В это время из соседнего бокса их окликнули:

— Эй, мужики, чего вам здесь надо?

«Мужики» разом повернулись и увидели в освещенном проеме ближайшего гаража почти прижатый к боку облупленного автомобиля притулившийся под полками с разнообразными инструментами и запчастями аккуратно накрытый столик. За столиком чинно восседало трое мужиков неопределенного возраста, одетых разнообразно, но, судя по похожим пятнам на одежде, объединенных единой целью. В данный момент происходило нечто вроде производственного совещания, посвященного той же общей цели. Впрочем, совещание протекало в теплой дружеской обстановке, обсуждение технических вопросов перемежалось красочными воспоминаниями и жизнерадостными призывами «К барьеру!».

Как быстро сообразил Лабух, после этого возгласа участники совещания вовсе не хватались за разные тяжелые предметы и не бросались колошматить друг друга почем зря. Напротив, услышав команду, один из присутствующих неторопливо и солидно вставал со своего места и шествовал в дальний конец гаража. Там он наливал себе из объемистой бутыли некой полупрозрачной жидкости, медленно всасывал ее и так же неспешно, сохраняя достоинство, возвращался на свое место, где принимался с большим чувством нюхать одну на всех горбушку черного хлеба. Через определенное время процесс повторялся, и к барьеру так же неторопливо и солидно отправлялся следующий участник совещания.

Похоже, это и были печально знаменитые мобилы и водилы, хотя в полумраке тесного помещения разобрать, кто есть кто, было довольно непросто.

— Ну, чего вы там встали, заходите, коли пришли, — приглашающе махнул рукой то ли мобила, то ли водила. — Составьте компанию асам пыльных дорог!

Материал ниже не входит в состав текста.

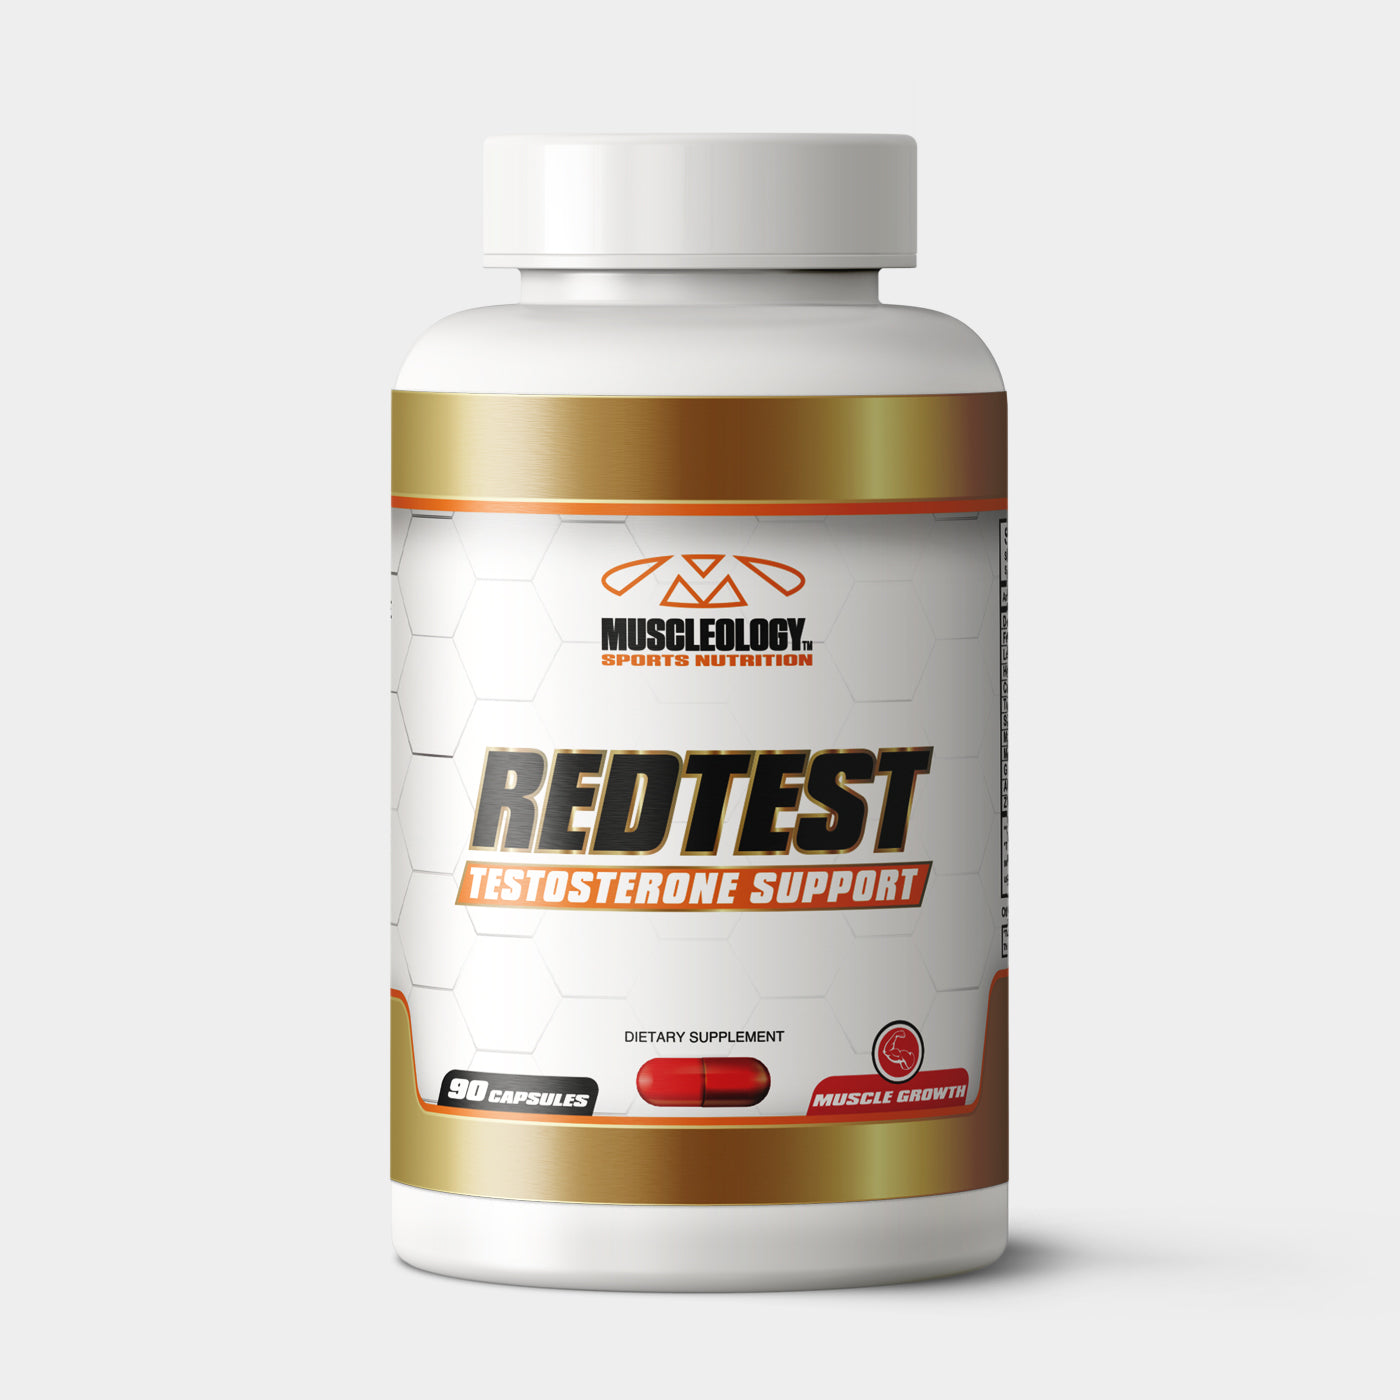 RedTest™ - Testosterone Support

Музыкантам ничего не оставалось делать, как войти. Как только вошедшие, с трудом протиснувшись в щель между автомобильным боком и увешанной железяками кирпичной стенкой, разместились на каких-то продавленных ящиках и познакомились с обитателями гаража, каждый из которых оказался и мобилой и водилой в одном стакане, раздался знакомый уже вопль «К барьеру!».

Лабух понял, что на этот раз страстный призыв обращен непосредственно к нему, и, стараясь сохранять достоинство, направился в дальний конец гаража, стараясь не ступить в пахучие черные лужи, обогнул скалящуюся ребристо-клыкастой решеткой радиатора лупоглазую, какую-то глубоководную, морду древнего автомонстра, за которой обнаружил ведерную бутыль с надетым на горлышко стаканом. Стараясь не пролить, Лабух с усилием наклонил емкость и подставил граненый стакан под опалесцирующую струю, хлынувшую из горла. Потом зажмурился, собрался с духом и храбро проглотил пойло.

Жидкость по вкусу не напоминала ни один знакомый Лабуху — а у него был-таки опыт — напиток. В ней было нечто невыразимо техническое, отдававшее кислотой, бензином, спирт, несомненно, тоже присутствовал и еще что-то, чему в языке Лабуха просто не было определения. К счастью, язык и гортань сразу онемели, испытав по-видимому, вкусовой шок, зато в желудке стало горячо и тесно, словно Лабух проглотил включенный утюг.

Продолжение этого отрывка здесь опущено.